Mike Severino, MD
Rovalpituzumab Tesirine (Rova-T) delivered disappointing preliminary results in the third-line setting for patients with relapsed/refractory small cell lung cancer (SCLC) with high DLL3 expression, according to findings from the single-arm, phase II TRINITY trial.
Per investigator assessment, the DLL3-targeted antibody-drug conjugate had a best overall response (BOR) rate of 29% (95% CI, 22-36), with BOR defined as a complete response (CR) or partial response (PR) at any time prior to receiving any subsequent anticancer therapy.1
The objective response rate (ORR) was 16% (95% CI, 11-22) according to the independent review committee (IRC), with ORR defined as CR or PR prior to receiving any subsequent anticancer therapy, with confirmation of CR or PR at least 28 days from the initial determination per RECIST v1.1. Also per the IRC, the median duration of response was 4.1 months (95% CI, 3.0-4.2). The median overall survival (OS) was 5.6 months (95% CI, 4.9-6.8), with an estimated 12-month OS rate of 17.5% (95% CI, 10.8-25.5).
The full results have been submitted for presentation at the 2018 ASCO Annual Meeting. Based on these findings, AbbVie, the manufacturer of the antibody-drug conjugate, announced that it will not seek accelerated approval from the FDA for use of the drug in third-line SCLC.
“We continue to believe Rova-T has potential for patients with small cell lung cancer and other DLL3-expressing cancers,” Mike Severino, MD, executive vice president of research and development and chief scientific officer at AbbVie, said in a statement. “Although the results from the study were not what we hoped for, we look forward to receiving data from the ongoing phase III studies in the first- and second-line settings and remain committed to developing Rova-T for the treatment of patients with small cell lung cancer.”
The multicenter, open-label, single-arm TRINITY trial included 177 patients with DLL3-expressing SCLC who had undergone at least 2 previous treatment regimens, at least 1 of which was a platinum-based regimen. The primary objective was an assessment of Rova-T’s efficacy of Rova-T as third-line and later treatment. Secondary objectives included assessment of safety and tolerability, pharmacokinetics, RECIST-assessed progression-free survival (PFS), duration of response, and clinical benefit rate.
The most common treatment-emergent adverse events (TRAEs) were fatigue (38%), photosensitivity reaction (36%), pleural effusion (32%), edema peripheral (31%), decreased appetite (30%), nausea (26%), dyspnea (25%), thrombocytopenia (25%), constipation (22%), vomiting (17%), anemia (17%), hypoalbuminemia (16%), and cough (16%).
The most common (≥5%) grade ≥3 severe toxicities were thrombocytopenia (11%), photosensitivity reaction (7%), and pleural effusion (5%).
The ongoing phase III MERU study (NCT03033511) is exploring Rova-T as maintenance therapy following first-line platinum-based chemotherapy in patients with extensive stage SCLC. The phase III TAHOE trial (NCT03061812) is comparing Rova-T with topotecan in patients with advanced or metastatic SCLC with high levels of DLL3 who have first disease progression during or following frontline platinum-based chemotherapy.
Rova-T previously demonstrated promising activity in a first-in-human, first-in-class, open-label phase I study.2
Eighty-two patients enrolled in the study at 10 US centers from July 2013 to August 2015. The population included 74 patients with SCLC and 8 with large-cell neuroendocrine carcinoma. All patients received at least 1 dose of Rova-T. The whole study cohort received a median of 2 doses (IQR 1-3; range 1-14).

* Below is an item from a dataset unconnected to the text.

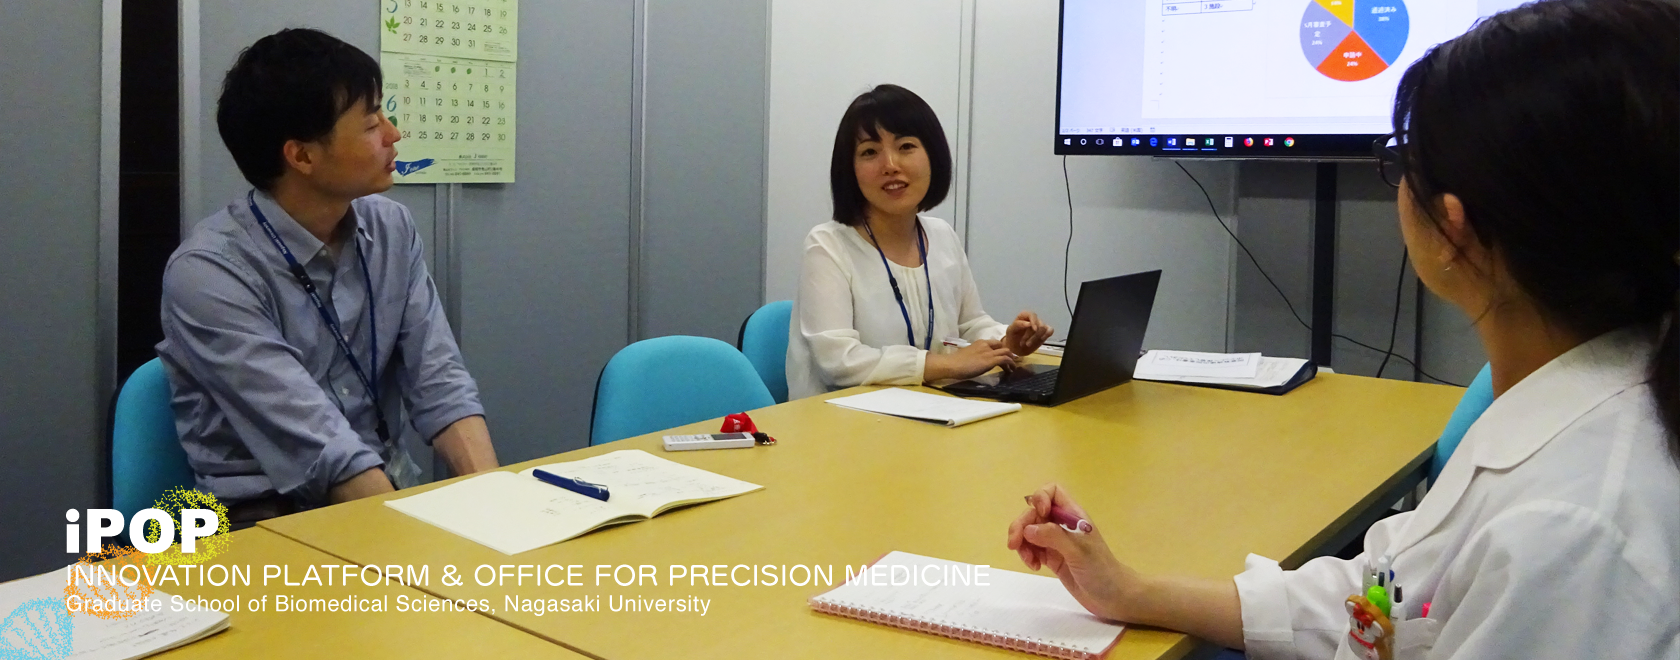 INNOVATION PLATFORM & OFFICE PRECISION MEDICINE(iPOP), Graduate School of Biomedical Sciences, Nagasaki University

Eleven of 60 assessable patients (18%) who received an active dose of Rova-T (0.2 mg/kg or 0.4 mg/kg every 3 weeks or 0.3 mg/kg or 0.4 mg/kg every 6 weeks) achieved a confirmed objective response, and 30 patients (50%) had stable disease. The median PFS was 2.8 months (95% CI, 2.5-4.0).

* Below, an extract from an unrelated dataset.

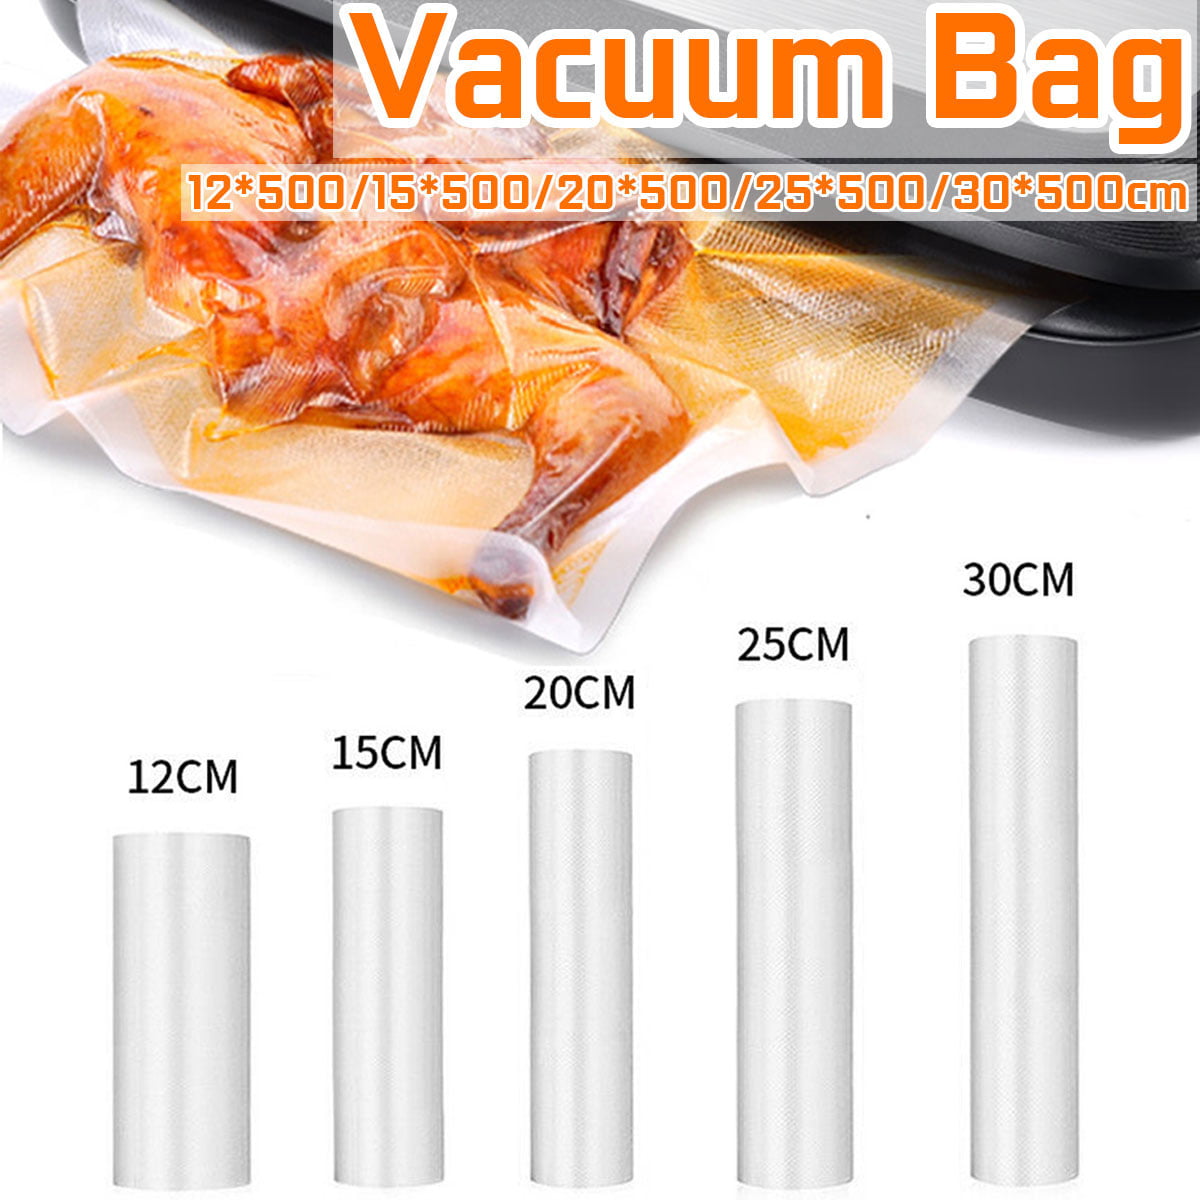 500CM HEAVY DUTY VACUUM SEALER BAG FOOD SEALER BAG FOR VAC STORAGE MEAL PREP 3F

An exploratory analysis of available tumor tissue samples (n = 34) showed an overall response rate of 38% (n = 10) among 26 DLL3-high patients (tumor expression levels ≥50%) compared with 0% in DLL3-low patients. The median PFS was 4.3 months (95% CI, 2.8-5.6) in DLL3-high patients versus 2.2 months (95% CI, 1.3-2.5) in DLL3-low patients.
Of 65 patients with SCLC who were assessable for activity analyses and received any dose of Rova-T, 11 (17%) achieved a confirmed objective response, and 35 (54%) had stable disease. Thus, 46 patients (71%) achieved disease control.

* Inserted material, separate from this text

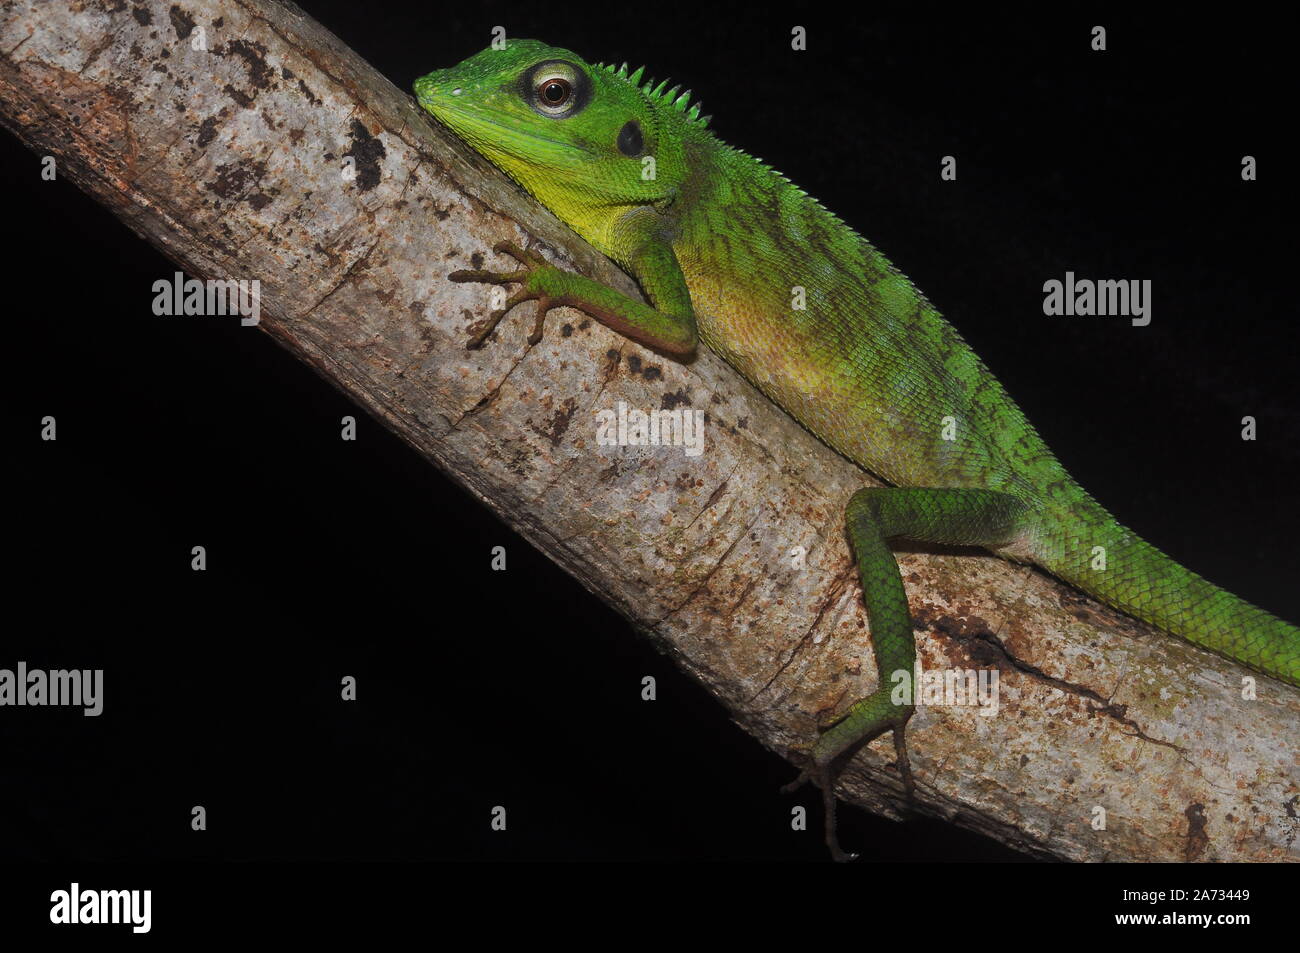 Crested Green Lizard (Bronchocela cristatella). Stock Photo

Thirty-nine patients provided samples for exploratory analysis of DLL3 expression in tumor tissue. Of 29 assessable DLL3-high patients, 10 (35%) had a confirmed objective response and 26 (90%) achieved disease control. Of the 10 assessable patients defined as DLL3-low, none achieved a confirmed objective response, though 6 (60%) had disease control.